Source records START

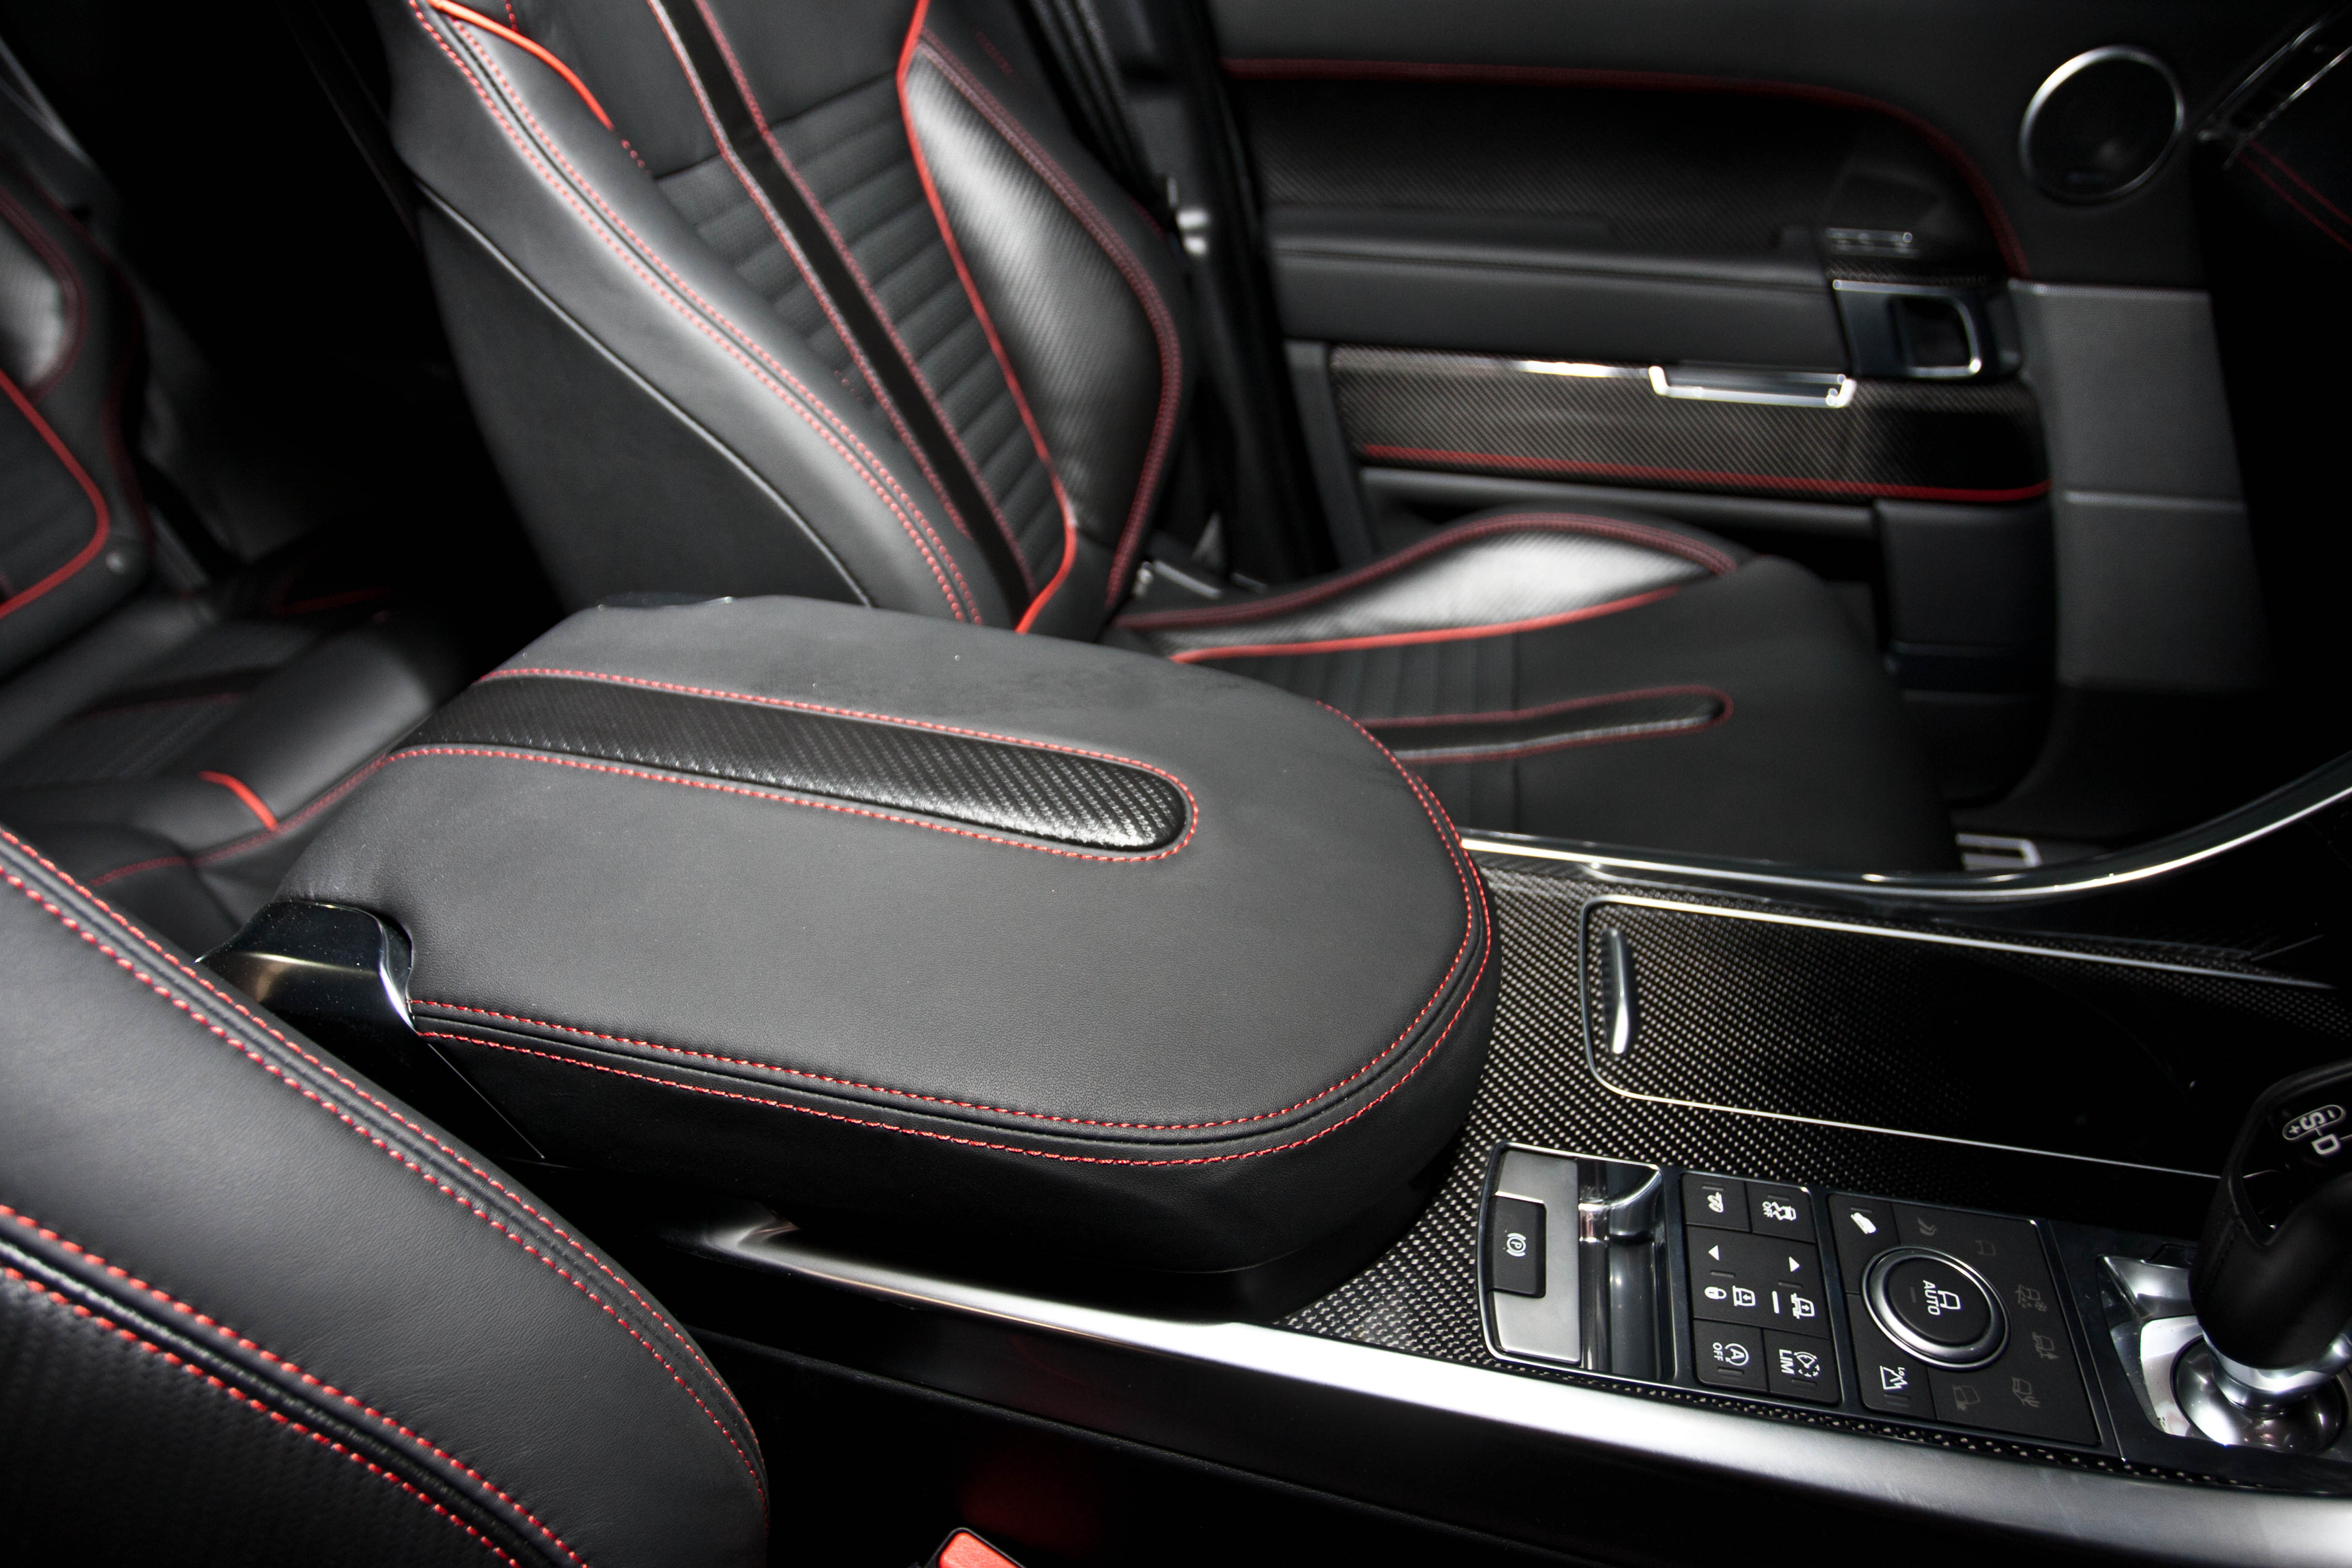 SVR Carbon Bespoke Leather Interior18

Source records END
Source records START

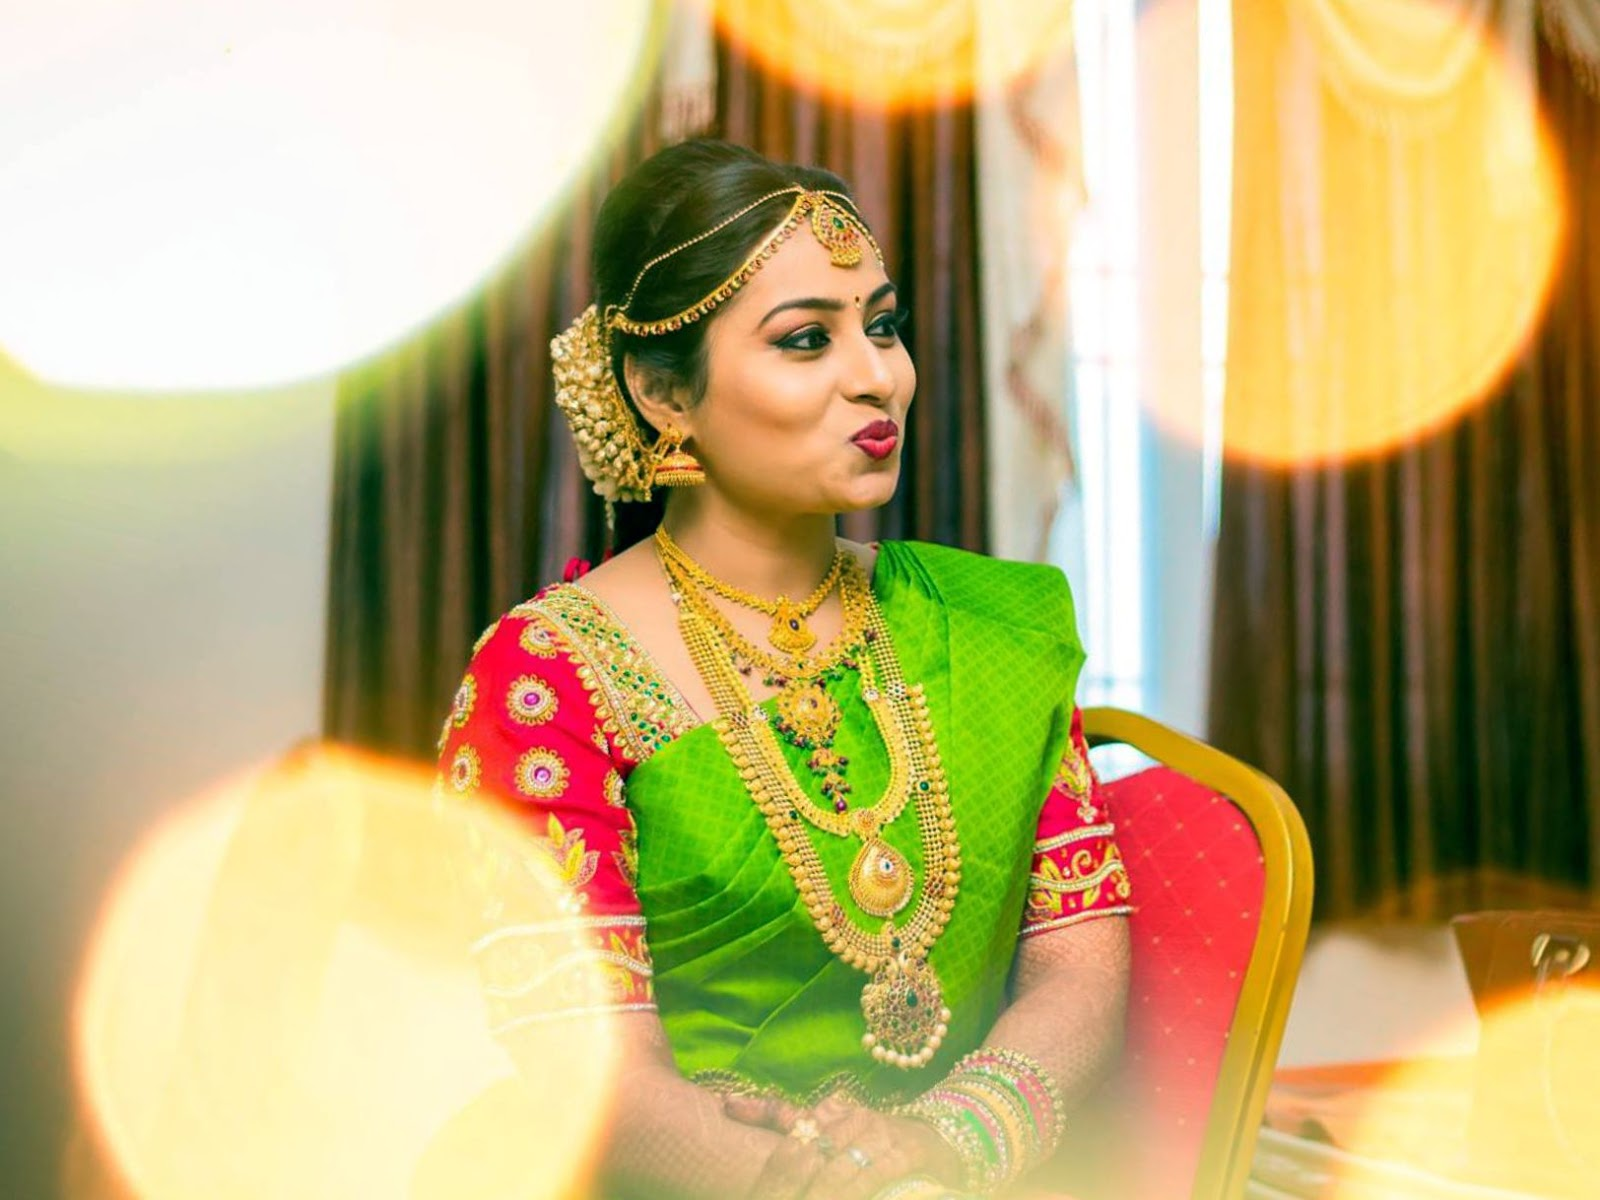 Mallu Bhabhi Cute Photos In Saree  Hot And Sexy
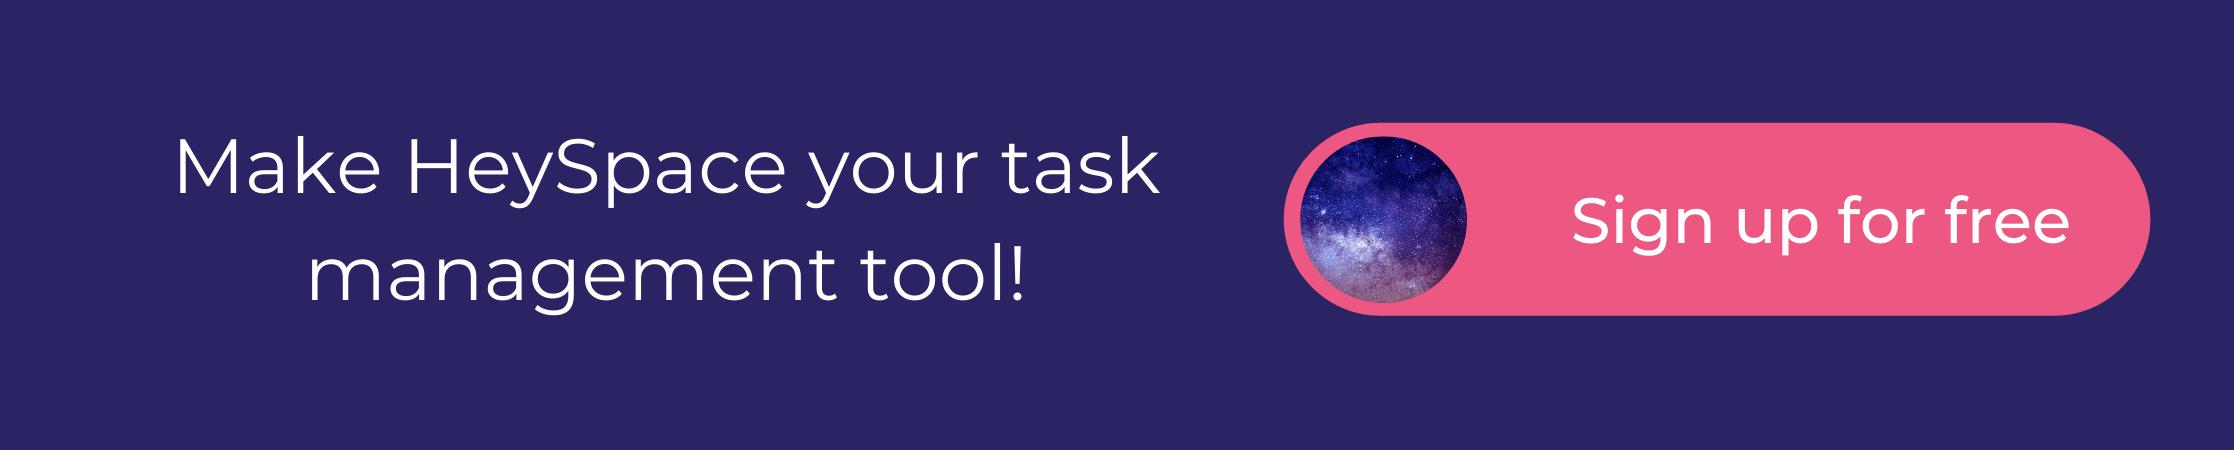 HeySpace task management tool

Source records END

- What to produce -
Using the entries above, transcribe every line from the line containing "Mallu Bhabhi Cute" through the line containing "HeySpace task management tool". Do not copy pictures.

- Exercise output -
 Mallu Bhabhi Cute Photos In Saree  Hot And Sexy
 HeySpace task management tool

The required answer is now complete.